Parmi les mesures envisagées pour la sécurisation de sites de captage d’eau, il y a notamment: l’identification des sites parce qu’il y a la pollution et le pays doit avoir une politique pour assainir tous ces milieux; la politique de la chaîne de valeur autour de l’eau et l’électricité c’est à dire que le pays produit l’eau et l’électricité mais manque le service d’apoint cad fournitures de PVC et tout ce qui va avec.
Une fois que toutes ces politiques sont mises en œuvre, la desserte en eau et électricité pourra davantage s’améliorer, a conclu Lwamba, donnant les assurances d’être dans son élément.
Cet échange a permis au patron des Ressources Hydrauliques de faire un certain nombre de révélations qui n’ont pas été faciles à avaler.
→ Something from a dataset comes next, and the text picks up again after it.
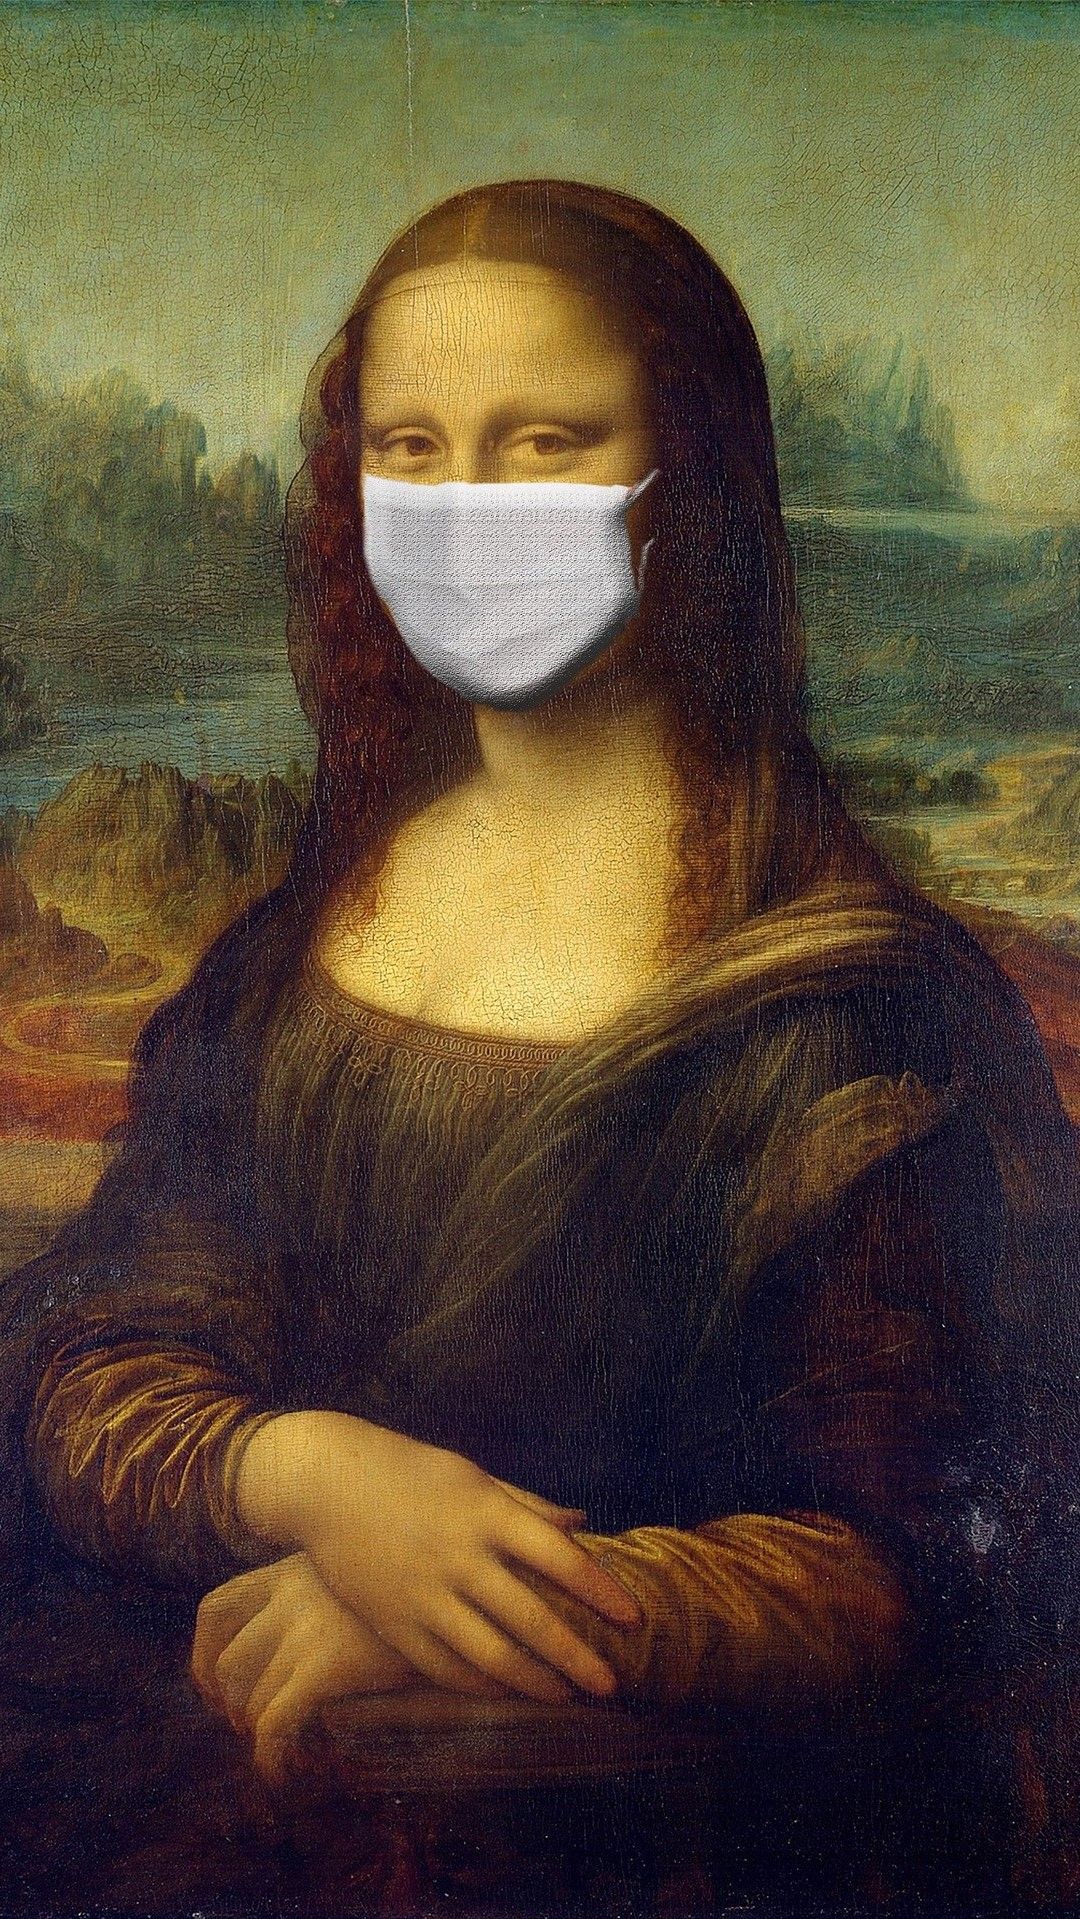 Mona Lisa with mask covid19

Comment un pays de la taille de la RD-Congo et qui jadis exportait de l’énergie électrique au profit de ses voisins tels que l’Angola, le Congo-Brazza, arrive à ne plus rien exporter aujourd’hui ? Comment s’est-il fait que ses voisins que sont la Zambie, l’Angola… commencent à amener leur énergie ici? Des questions que d’aucuns se sont posées à entendre ces déclarations de la part de la bouche autorisée.
Mais avant d’en arriver là, Muyaya Katembwe avait planté le décor de cet exercice de redevabilité auquel se prêtait pour la toute première fois son collègue Lwamba.